DIARIO DE NAVEGACIÓN

VISIÓN


Y en la playa misteriosa
que las olas blandamente
van cubriendo con la espuma
blanquecina de sus crestas,
en la playa que ilumina
con claridades de plata
la luna que mansamente
se recuesta en el ocaso
en la playa en que la brisa
sus murmullos adormece
y en que mueren
lentamente los vagidos de la mar.
Mis ojos que escudriñaban
los horizontes vacíos,
han visto surgir de pronto
de la arena adormecida,
cual humo de un incensario,
un albo copo de niebla,
que al esfumarse en el aire
distendió sus blancos tules
en el azul de los cielos.
Y en esa pálida aureola
entreví la mirada
de sus ojos soñadores
y adiviné su sonrisa
de tristeza y de dulzura.
La visión desvanecida,
la nubecilla en los aires
diluyó sus blancos velos,
y en el azul de los cielos
brillaron, solo, los rayos
moribundos de la luna
que flotaba sobre el mar.




Ramón Rivas Ramírez
Mayo 17/ 1907

martes, marzo 17, 2009

DIARIO DE NAVEGACION

EVOCACIÓN

Resurja en la playa que envuelven las sombras
la pálida virgen de rubios cabellos,
la pálida virgen que flota dormida
en nimbo de oro, en velo de luz

Resurja en la playa, que muerden las olas
despierte del sueño, de quieta dulzura
que un ángel arrulla, batiendo sus alas
y escuche las voces de mi alma ardiente
que suenan perdidas, vibrando sin eco.

Contemple mis ojos abiertos sin ver
buscando en los cielos el suave reflejo
que un día la muerte cruel empañó;
y mire marchitas las ansias de mi alma
cual flores sin aire, sin sol y sin luz.

Resurja en la playa que bañan las ondas
y aspire en la copa vacía de mi alma
el acre perfume de mi ultima lágrima.

Bogando en el negro turbión de la vida
bogando al acaso, sin faro y sin rumbo
con sombras en lo alto, tinieblas abajo
mis ojos buscaban, con honda tristeza
la luz de los tuyos, la única estrella
que al negro horizonte, he visto clarear

Pensaba yo, a veces, en horas nostálgicas
porque no recuerdas, porque no entreabres
tus ojos que fueron el sol de los míos,
por lejos que flotes en otros espacios,
sediento de luz, bebiera el reflejo
que mi alma cegada, ansía y espera.

Yo vi indiferente rodar mi existencia
y solo he vivido amando recuerdos
el tiempo que mata amor y esperanza
las flores marchita y esparce sus hojas
llevóse en sus alas, que vuelan calladas
perfumes y efluvios, ternura y cariño
que nunca en mi pecho dejaron más huella
que deja en la nieve, un rayo de luz..
las ansias de mi alma, que suben y flotan
buscando en los cielos tu dulce figura
han sido la nube que el viento arrebata
destiende sus pliegues y rasga sus velos.

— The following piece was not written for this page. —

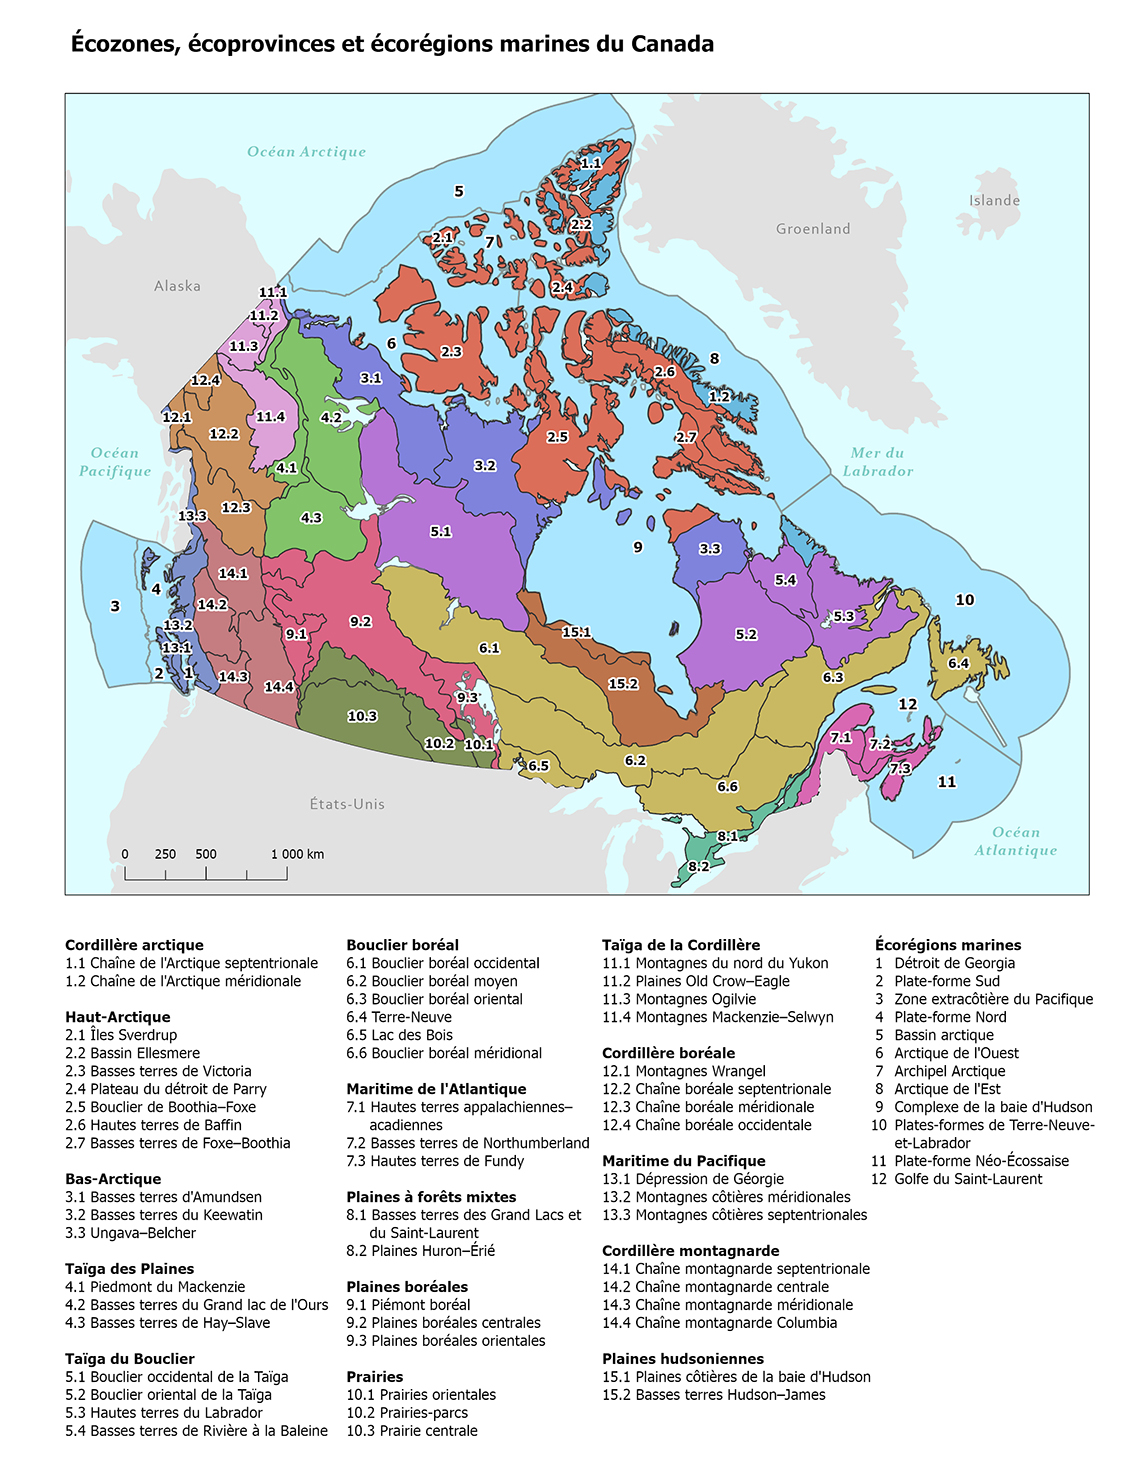 Carte 1.1 Écozones, écoprovinces et écorégions marines du Canada

Resurja en la playa la pálida virgen
y mire en mi pecho, luciente el altar
que mi alma doliente perfuma e inciensa
con dulces recuerdos que quema el amor.

Reflejen sus ojos, la luz de la dicha
y cieguen los míos guardando el destello,
que anuncia a mi pecho, que el alma de mi alma
despierta en los cielos y escucha mi voz.




Ramón Rivas Ramírez

Mayo 14, 1907

jueves, marzo 12, 2009

DIARIO DE NAVEGACIÓN

LEYENDA DE UN GRABADO QUE HAY EN EL COMEDOR DE ZEMITA.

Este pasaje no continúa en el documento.